Information shown —

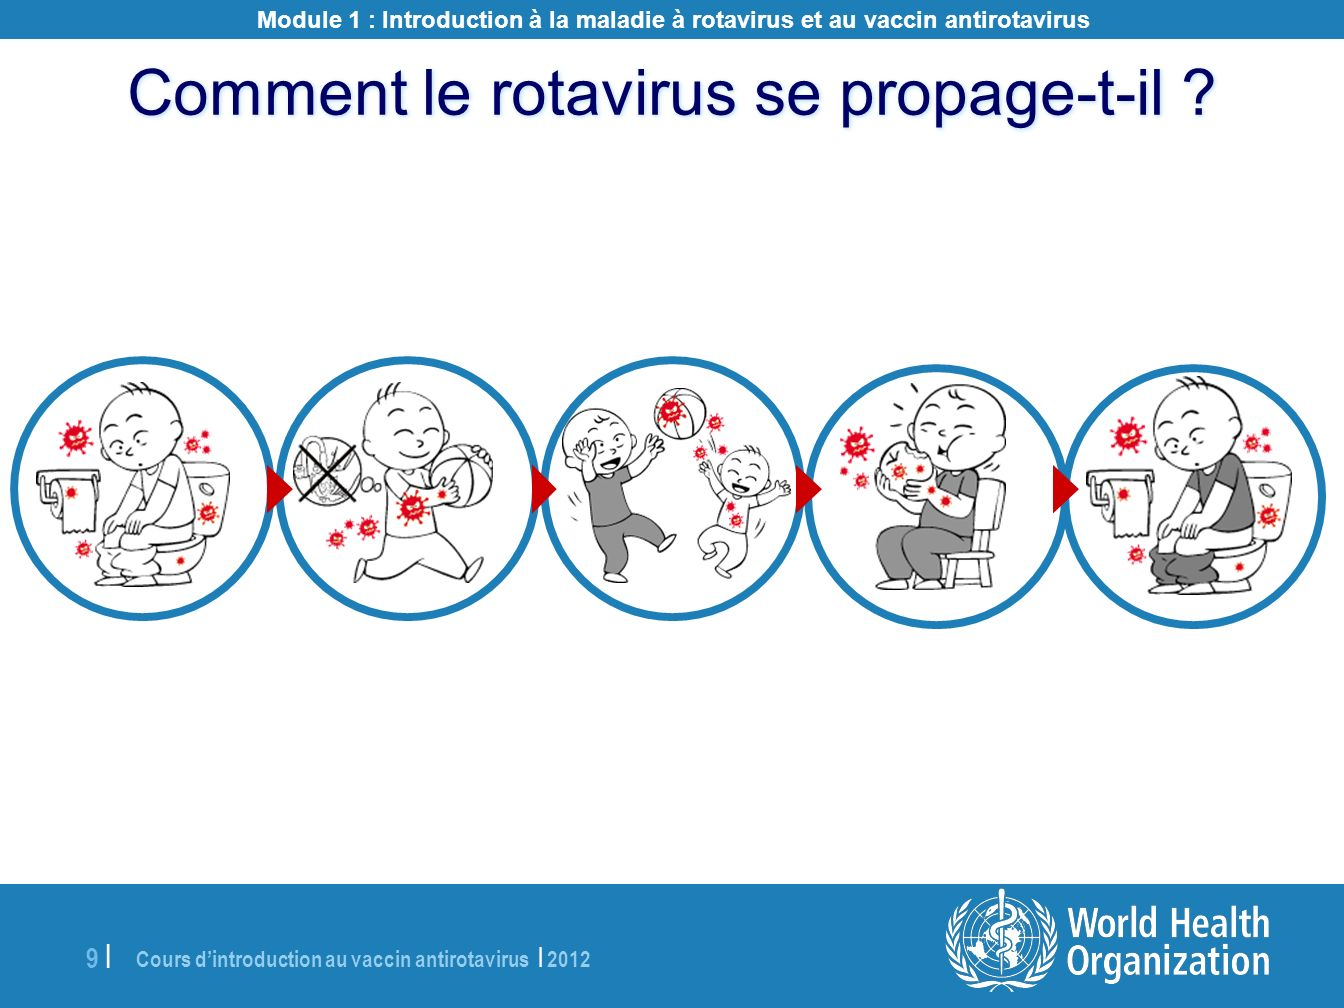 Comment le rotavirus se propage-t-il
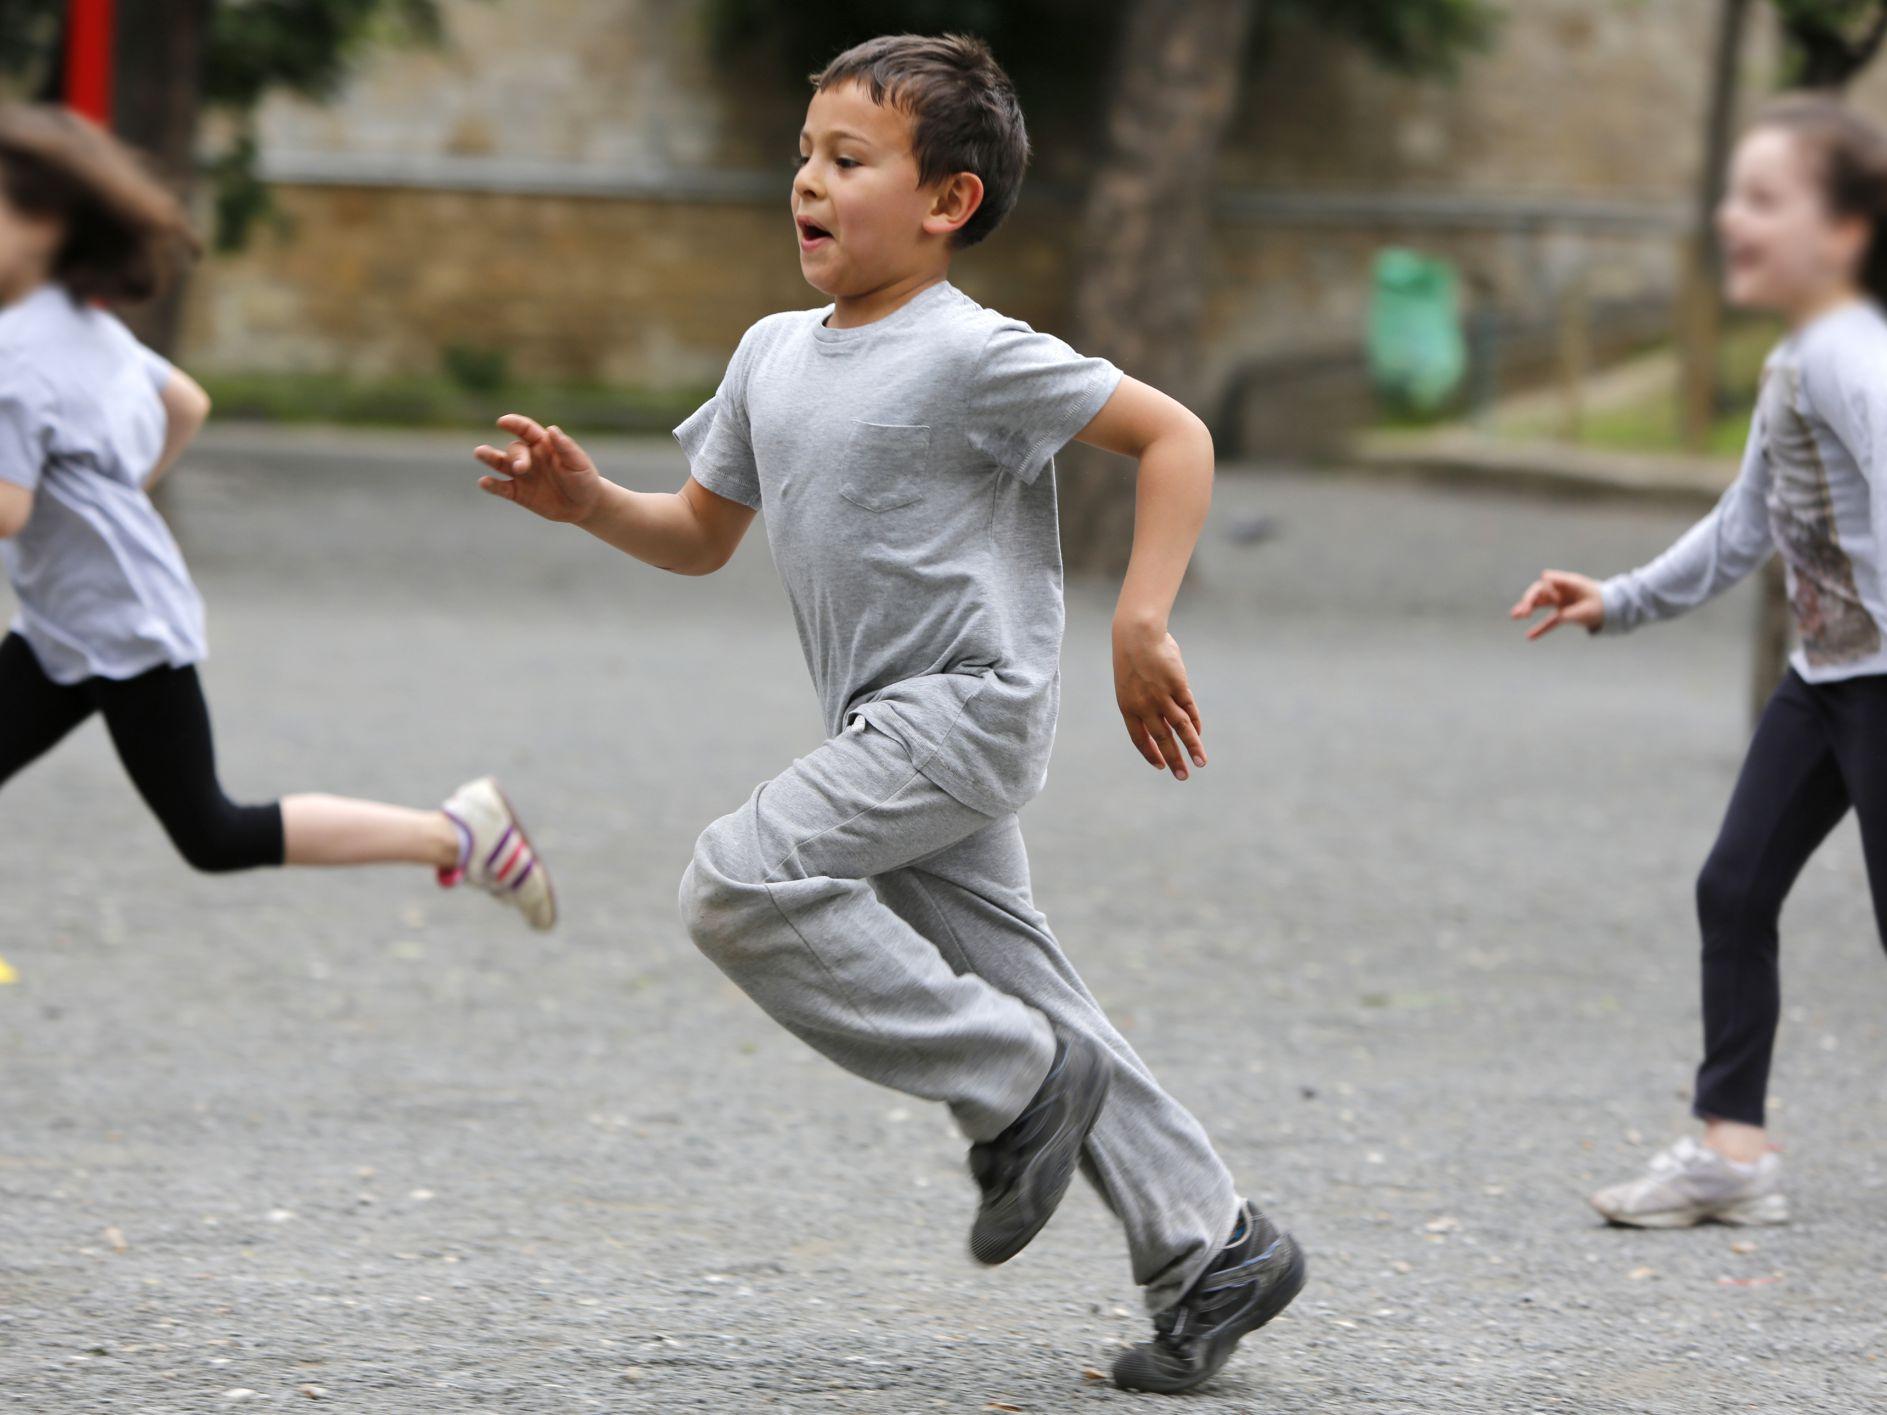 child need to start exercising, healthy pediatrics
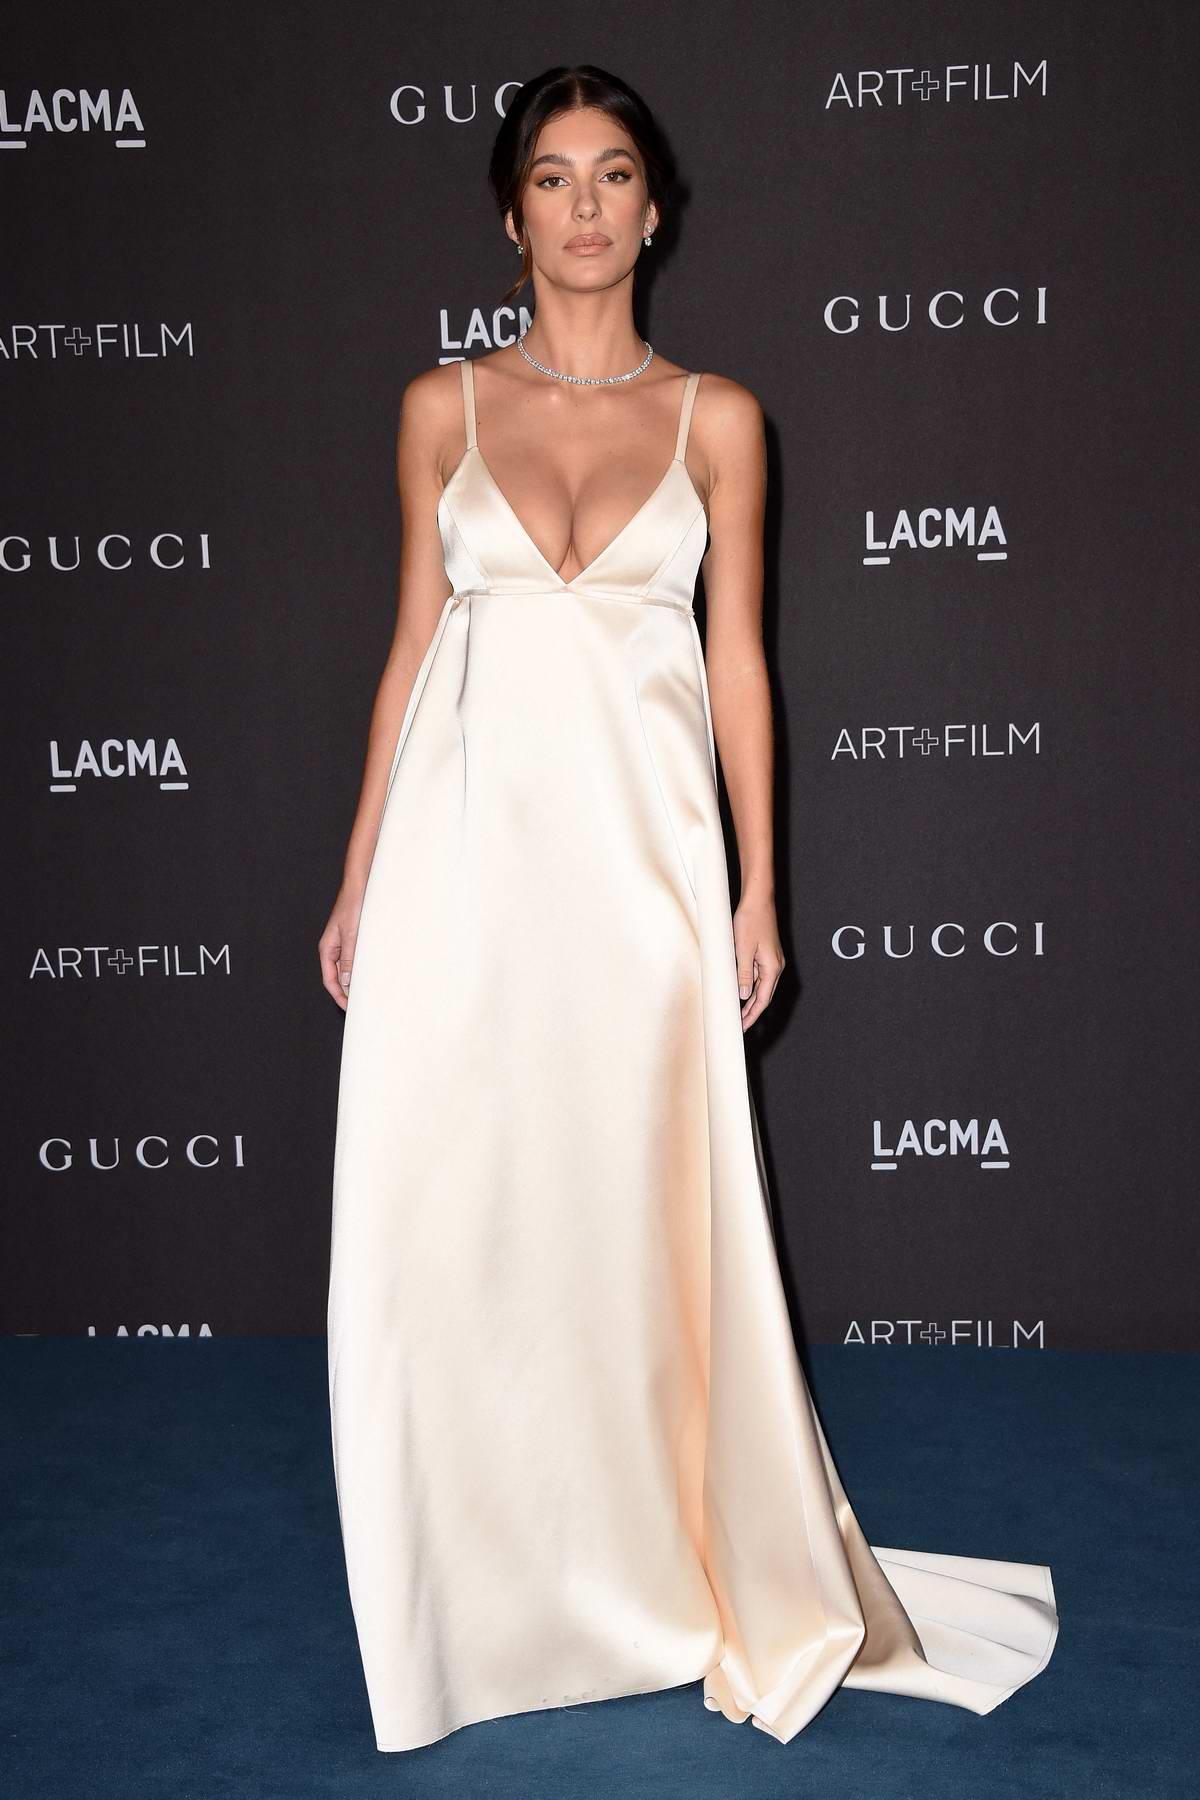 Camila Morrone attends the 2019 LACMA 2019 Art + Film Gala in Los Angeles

Description of the task —
Only the pictures may be dropped when you copy the data above; everything else stays exact.

Written solution —
 Comment le rotavirus se propage-t-il
 child need to start exercising, healthy pediatrics
 Camila Morrone attends the 2019 LACMA 2019 Art + Film Gala in Los Angeles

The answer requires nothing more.